The FTC also has jurisdiction over foreign origin claims in packaging insofar as they go beyond the disclosures required by the Customs Service (e.g., claims that supplement a required foreign origin marking, so as to represent where additional processing or finishing of a product occurred). In addition, the Commission has jurisdiction over foreign-origin claims in advertising, which the U.S. Customs Service does not regulate.
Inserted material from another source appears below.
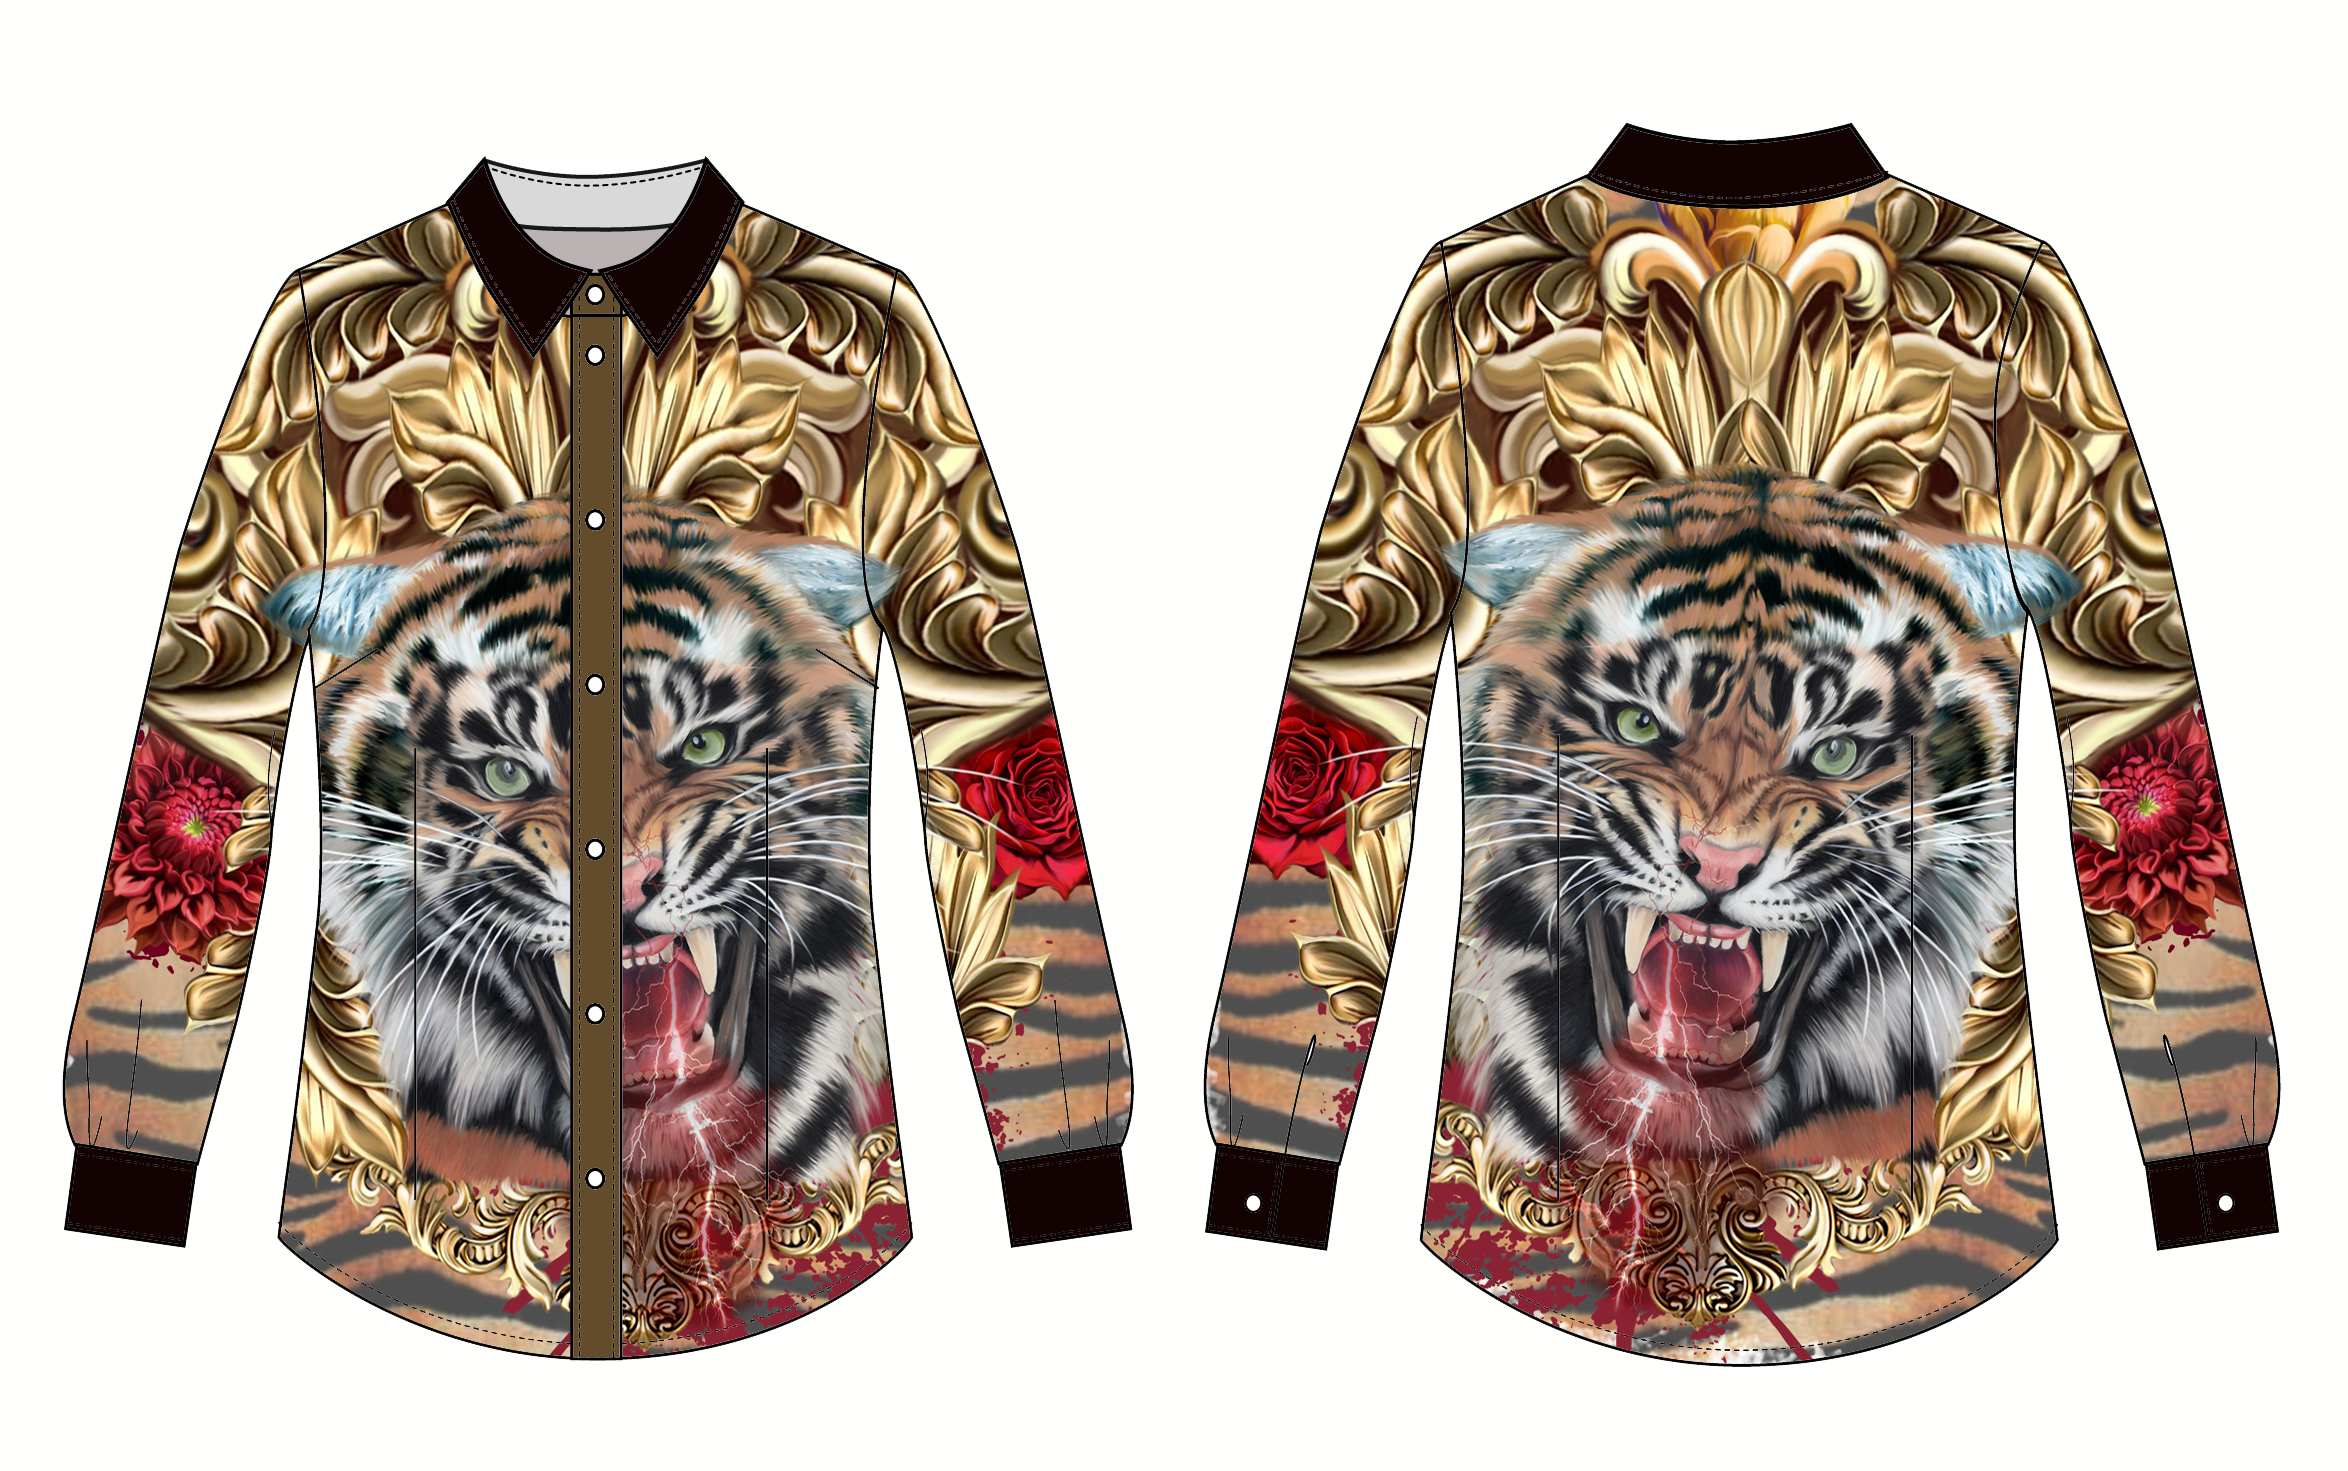 Tiger shirt design

Where Customs determines that a good is not of foreign origin (i.e., the good undergoes its last substantial transformation in the United States), there is generally no requirement that it be marked with any country of origin. For most goods, neither the Customs Service nor the FTC requires that goods made partially or wholly in the United States be labeled with Made in USA or any other indication of U.S. origin. The fact that a product is not required to be marked with a foreign country of origin does not mean that it is permissible to promote that product as Made in USA. The FTC will consider additional factors, beyond those considered by the Customs Service in determining whether a product is of foreign origin, in determining whether a product may properly be represented as Made in USA.
This statement is intended to address only those issues related to U.S. origin claims. In developing appropriate country-of origin labeling for their products, marketers are urged also to consult the U.S. Customs Service’s marking regulations.